In this specific case, multiple (3) Neutron services were stressing the Ironic
API retrieving all of the nodes, and attempting to update all of the related
physical network mapping records in neutron, resulting in the same record
being updated 3 times, once from each service.
The root issue is the software consuming Ironic’s data needs to be able to self-delineate the overall node set and determine the local separation points for sharding the nodes. The delineation is required because the processes executed are far more processor intensive, which can introduce latency and lag which can lead towards race conditions.
The challenge, from what has been done previously, is the previous model required downloading the entire data set to build a hash ring from.
Where things are also complicated, is Ironic has an operational model of
a conductor_group
, which is intended to help model a physical grouping
or operational constraint. The challenge here is that conductor groups are
not automatic in any way, shape, or form. As a result, conductor groups
is not the solution we need here.
Proposed change¶
Overall the idea, is to introduce a shard
field on the node object,
which an API user (Service), can utilize to retrieve a subset of nodes.
This new field on the node object would be inline with existing API field behavior constraints and can be set via the API.
We can provide a means to pre-set the shard, but ultimately it is still optional for Ironic, and the shard exists for the API consumer’s benefit.
In order to facilitate the usage by an API client, /v1/nodes
and
/v1/ports
would be updated to accept a shard
parameter
(i.e. GET /v1/nodes?shard=foo, GET /v1/ports?shard=foo,
GET /v1/portgroups?shard=foo) in the query to allow for API consumers
to automatically scope limit their data set and self determine how to
reduce the workset. For example, networking-baremetal
may not care
about assignment, it just needs to reduce the localized workset.
Whereas, nova-compute
needs the shard field to remain static, that is
unless nova-compute
or some other API consumer were to request the
shard
to be updated on a node.
Note
The overall process consumers use today is to retrieve everything and
then limit the scope of work based upon contents of the result set.

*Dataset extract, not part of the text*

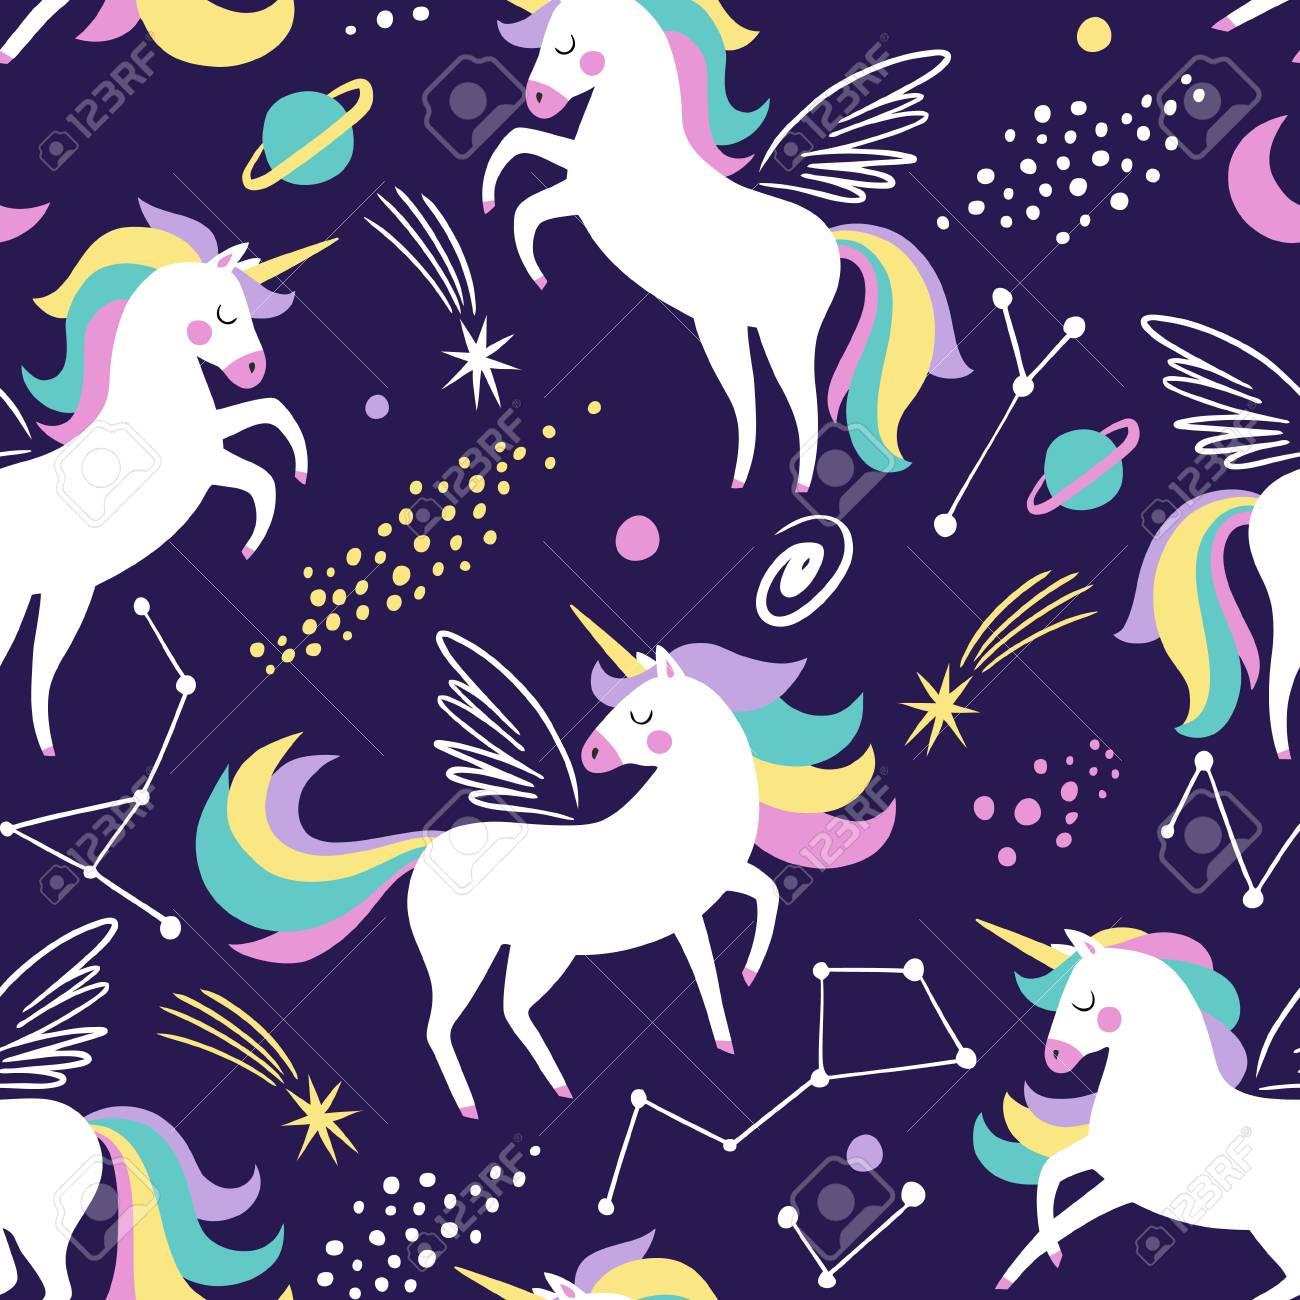 Hand Drawn Seamless Vector Pattern With Cute Unicorns Stars

This results in a large overhead of work and increased looping latency
which also can encourage race conditions. Both nova-compute
and the networking-baremetal
ML2 plugin operate in this way with
different patterns of use. The advantage of the the proposed solution
is to enable the scope limiting/grouping into manageable chunks.
In terms of access controls, we would also add a new RBAC policy to restrict changes such that the system itself or a appropriately scoped (i.e. administrative) user can change the field.
In this model, conductors do not care about the shard key. It is only a data storage field on the node. Lookups for contents of the overall shard composition/layout, for GET /v1/shards, is to be performed directly against the nodes table using a SQL query.
Alternatives¶
This is a complex solution to allow simplified yet delineated usage, and there are numerous other options for specific details.
Ultimately, each item should be discussed, and considered.
One key aspect, which has been recognized thus far, is that existing
mechanisms can be inefficiently leveraged to achieve this. An example
of this is that conductor_group
, owner
, lessee
all allow for
filtering of the node result set. A conductor_group
being an explicit
aspect an API client can request, where as owner
and lessee
are
access control based filters tied to the API client’s submitted Project
ID used for Authentication. More information on why conductor_group
is problematic is further on in this document.
Consensus in discussion with the Nova teams seems to be that usage of the other fields, while in part may be useful, and possibly even preferred in some limited and specific cases, doesn’t solve the general need to be able to allow clients to self delineate without first downloading the entire node list first. Which in itself, the act of retrieving a complete list of nodes is a known scaling challenge, and creates increased processing latency.
In the conductor_group
case, there is no current way to discover
the conductor groups. Where as for owner
and lessee
, these are
specific project ID value fields.
Why not Conductor Group?¶
It is important to stress similarity wise, this is similar to conductor groups, however conductor groups were primarily purposed to model the physical constraints and structure of the baremetal infrastructure.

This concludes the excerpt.